# Snapper Dog At Work



## EDDIE BUCK (Jul 17, 2005)




----------



## braggscowboy (Jan 6, 2004)

Don't let rock see that turtle.


----------



## big rockpile (Feb 24, 2003)

braggscowboy said:


> Don't let rock see that turtle.


Too Late! :whistlin: :heh: Dinner.

big rockpile


----------



## mothernature (Aug 22, 2010)

AHHHHHHH, that brings back childhood memories of snappin' turtle soup parties with the neighbors!


----------



## Micheal (Jan 28, 2009)

That turtle wouldn't have been laying eggs, would she/it???????
As for eating - ahhh I'll pass - always seemed like way to much work for what you got.


----------



## big rockpile (Feb 24, 2003)

Micheal said:


> That turtle wouldn't have been laying eggs, would she/it???????
> As for eating - ahhh I'll pass - always seemed like way to much work for what you got.

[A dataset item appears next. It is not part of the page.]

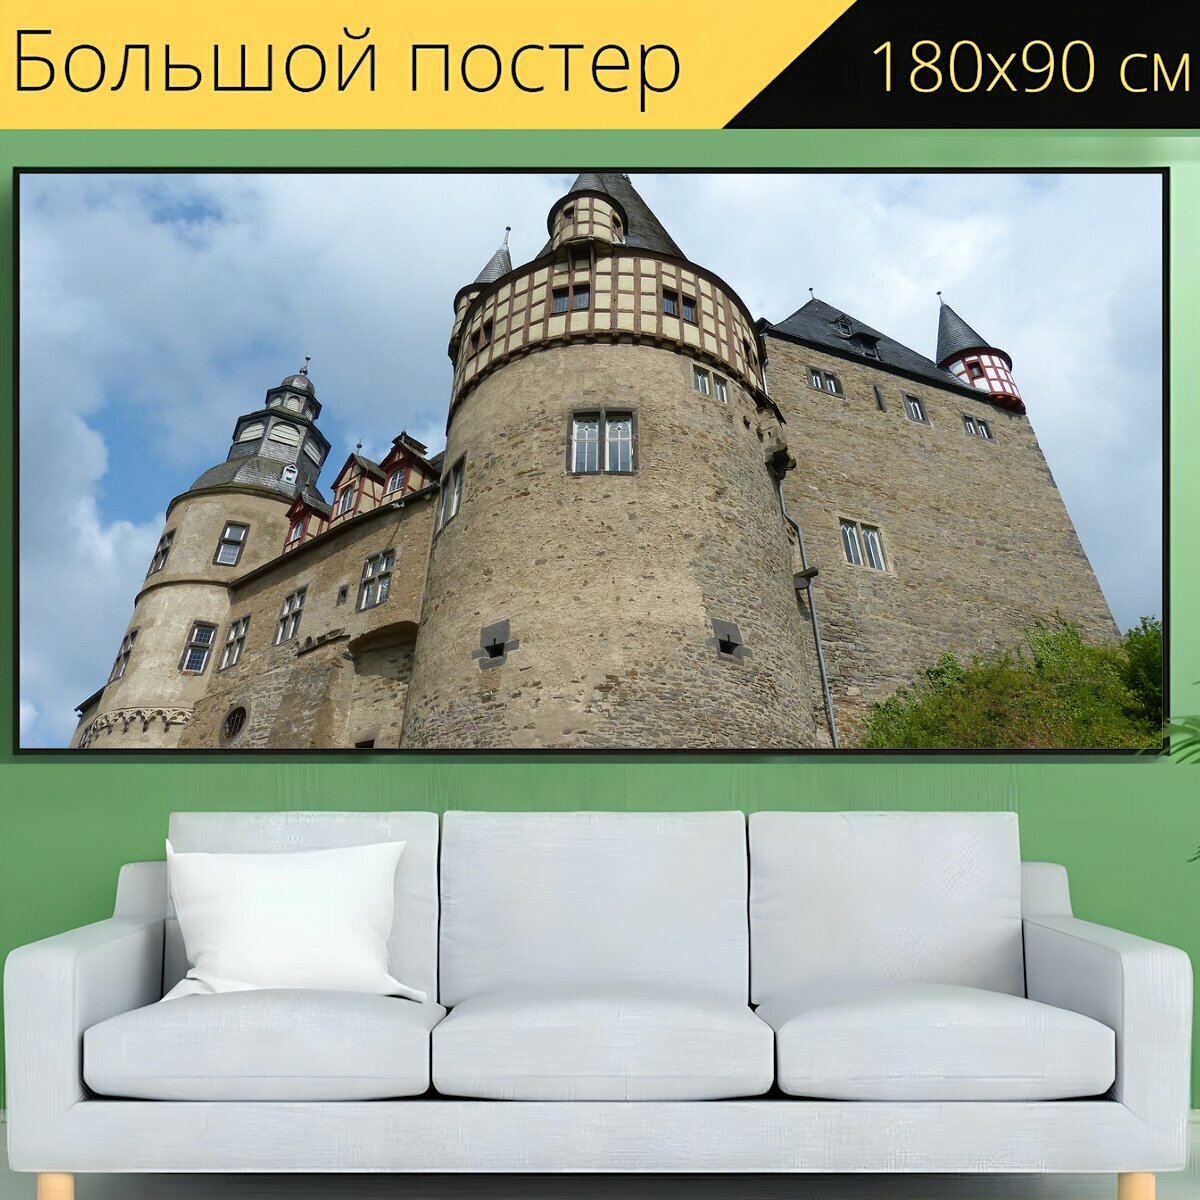 Большой постер "Замок, мозель, архитектура" 180 x 90 см. для интерьера

Looks like that's what she was doing.So she is done "COOT" HER!

big rockpile


----------



## EDDIE BUCK (Jul 17, 2005)

Yea,they are coming out of the swamp to lay their eggs on high ground.


----------



## Danaus29 (Sep 12, 2005)

big rockpile said:


> Looks like that's what she was doing.So she is done "COOT" HER!
> 
> big rockpile


So when's dinner????


----------